Единственный фонарь, висящий над забором, вносил оживление в световое оформление местечка. С той позиции, где я сейчас стоял, Женьку разглядеть было невозможно, но он, без сомнения, видел меня и мог контролировать ход встречи.
По размытой дождями дороге, протянувшейся между красным домом и забором, никто не ездил, предпочитая объездной путь – более длинный, но менее рискованный для автомобиля. О прохожих тем более никакой речи не было. Местечко живописное до тошноты.
Сжав под мышкой недочитанный «Русский транзит», сунув руки в карманы и в очередной раз передернувшись на ледяном ветру, я прислонился к безоконной стене дома.
Юрик объявился вовремя. Чемодана с деньгами при нем не было. Я очень огорчился. Сейчас начнутся компромиссы и альтернативы.
– Принес?
– А ты?
– У тебя, кажется, должок? Тебе его прощают. Где письмо?
– Серьезно? Вот здорово-то! Я потрясен вашей заботой и охотно бы поверил на слово, но вот поверит ли мне Тимур Львович? Он ведь человек пунктуальный и дотошный, прям как налоговый инспектор.
– Поверит, – ответил голос из-за моей спины.
Я обернулся. В трех метрах от меня стоял Шамиль. Ого! Мистер Икс. Правда, одет не как всегда. Ни тебе клубного пиджака, ни галстука. Ведь мог бы меня уважить. А так – спортивный костюмчик с белыми полосками да шапочка-начердачник, надвинутая на лоб. Даже дугообразных бровей не видно.
Я, разумеется, был рад встрече. Так рад, что пожалел об оставленном у Женьки пистолете. Нет, стрелять в Шамиля, я б, конечно, не стал. Но, как говорил Абдулла, «кинжал хорош, когда он есть»…
– Ты Ларин?
«Нет, я Майкл Джексон. Вот ведь веселые парни», – подумал я про себя, но вслух ответил:
– Да. Паспорт нужен?
– Кирилл у нас остряк.
– Я вижу. Где письмо, остряк?
– Где деньги, ребята?
– Тебе ж ясно сказали. За тобой больше нет долга. Я слов на ветер не бросаю.
– Слова – этот тот же ветер. Они быстро улетают.
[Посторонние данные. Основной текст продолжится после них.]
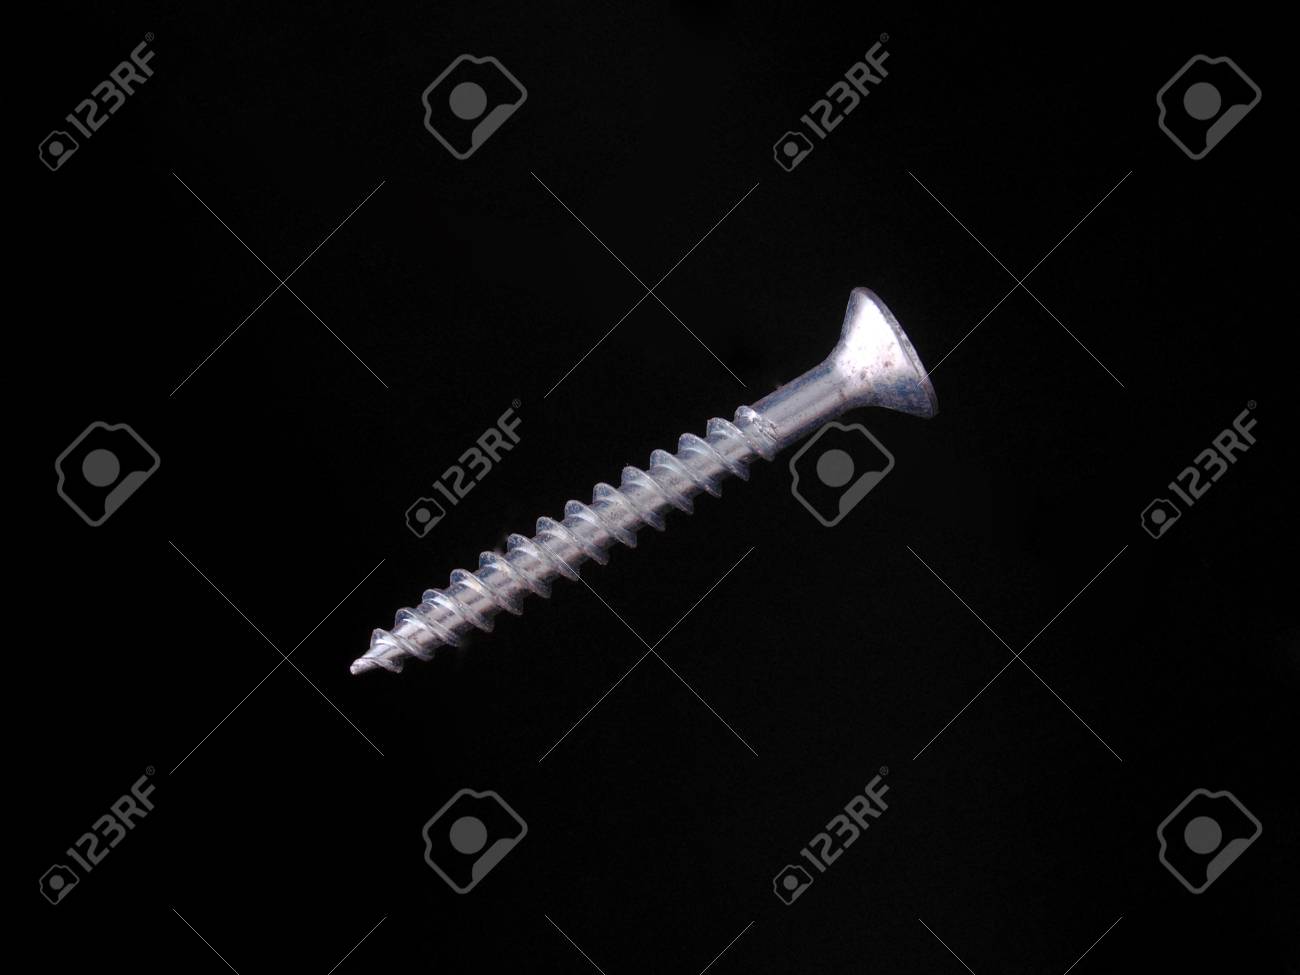 Steal Wood Screw On A Black Background Stock Photo Picture And

Хотелось бы чего-нибудь более осязаемого.
– Не понял?
– Ну чтобы в руках подержать можно было. К примеру, расписочку. Так и так, получил от товарища Ларина тридцать миллионов в счет его долга, претензий не имею. В случае возникновения проблем мне разъяснено право обращаться с иском в народный суд. Но формулировка значения не имеет. Я получаю расписку, вы получаете координаты письма.
– Оно у тебя не с собой?
– Оно почти со мной. Вот в этом доме. Но найти его без моей подсказки очень проблематично. Ну если только по кирпичику дом перебрать.
– Хорошо, пошли.
Я отлип от стены и, не вынимая из-под мышки книги, пошагал за Шамилем. Юрик, оглянувшись по сторонам, пристроился прямо за мной.
Машина стояла за углом. Вернее, не машина, а микроавтобус. В темноте я не разглядел марку. Но точно не «рафик».
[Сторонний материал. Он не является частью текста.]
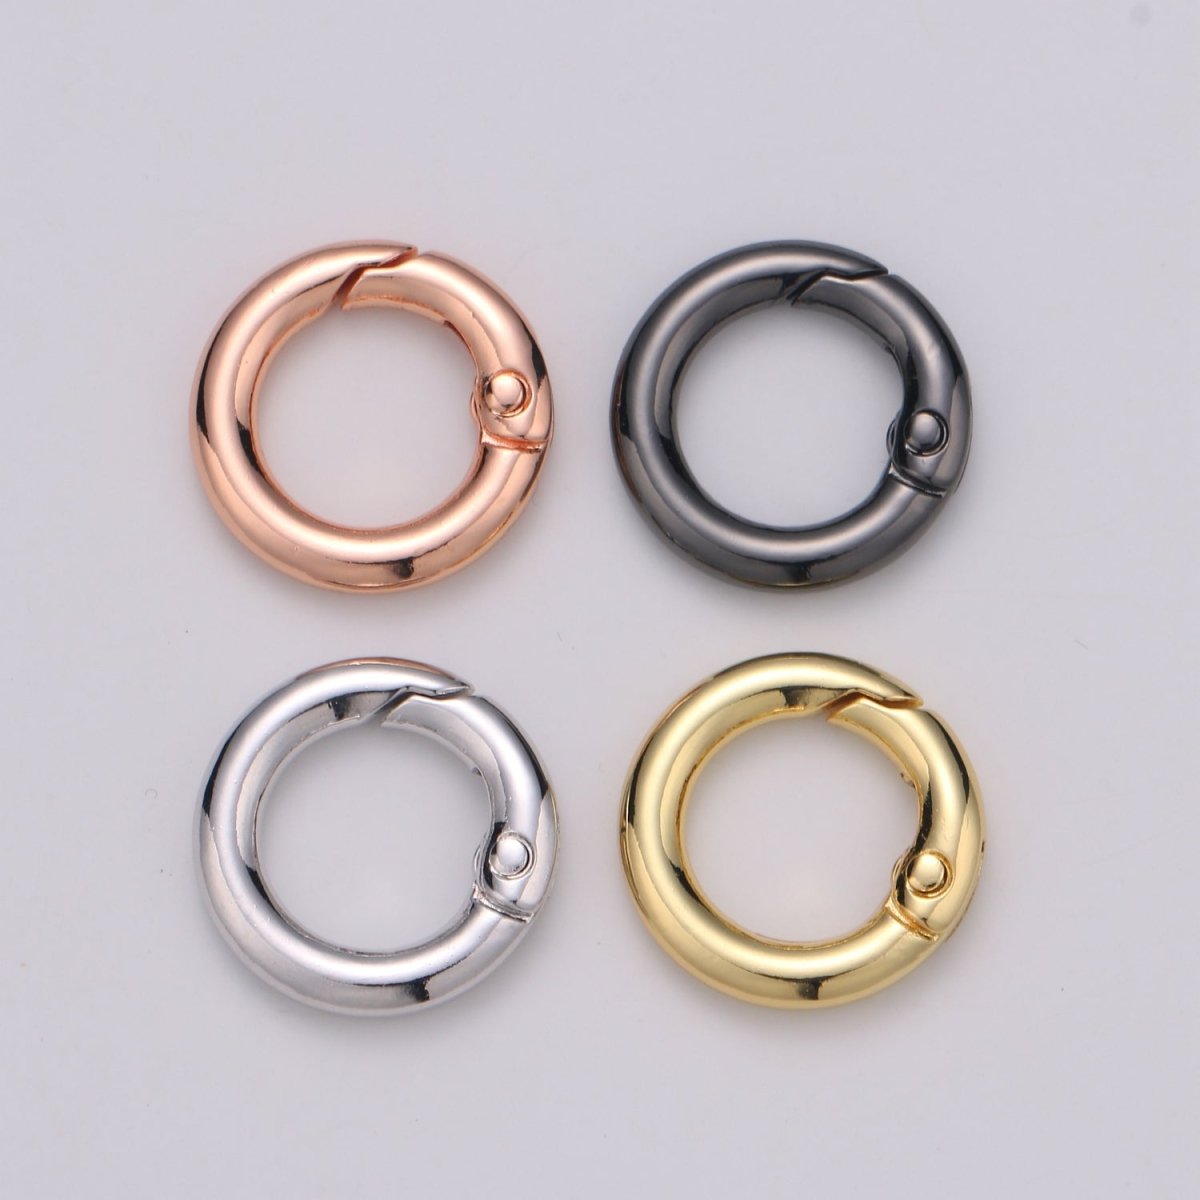 Chunky Gold Spring Gate Ring, Push Gate ring, 20mm Round Ring, Charm Holder 24K Gold Filled Clasp for Link Chain Connector L-032~L035 L084 L085 - DLUXCA

Пригнувшись, я нырнул в открывшуюся дверь. Юрик остался на улице.
В салоне сидели еще двое и водитель. Я плюхнулся на свободное место, положил книгу рядом и размял пальцы. Шамиль щелкнул выключателем под потолком, достал из-под сиденья дипломат и положил его на колени. Затем вырвал из записной книжки листок и набросал несколько слов.
– Держи. Где письмо?
Я пробежал глазами текст, убедился, что никому ничего не должен, раскрыл книгу и извлек из нее код.
– Прошу. Это то самое, можете не проверять. Ну, я пошел?
– Иди.
Я привстал, но затем снова опустился на место.
– Да, вот еще… Пожалуй, Юрий пойдет со мной.
– Зачем?
– Так, прогуляться. До машины. А то темно, страшно. С ним спокойней. Я, видите ли, на такое внимание к моей скромной персоне с вашей лично стороны не рассчитывал.
Шамиль на пару секунд задумался, потом выключил свет в салоне и кивнул:
– Хорошо.
Я вылез из микроавтобуса.
– Пойдешь с ним, – приказал Шамиль, кивнув Юрику на меня.
Когда мы отошли метров на десять, я спросил:
– Черт, забыл поздороваться с Валериком. Что-то он сегодня какой-то смурной. А, Юрик? Даже вид делал, что не заметил меня. Вот так. А я, дурень, все гадал, почему судимых людей принимают на работу в кассу и даже в охрану. А у нас, оказывается, все схвачено. Можно нескромный вопрос, Юрик? Ты с Лехой в одном отряде на зоне отдыхал или в разных?
Юрик не ответил.
– Слушай, Юрик, а Тимур у нас там нигде не подвязан? Заодно?
– Тимур – пешка. Урод надутый. Что скажут, то и сделает.
– А ты? Ты, Юрик, тоже пешка.
– Заткнись! И радуйся про себя, что жив еще. Урод!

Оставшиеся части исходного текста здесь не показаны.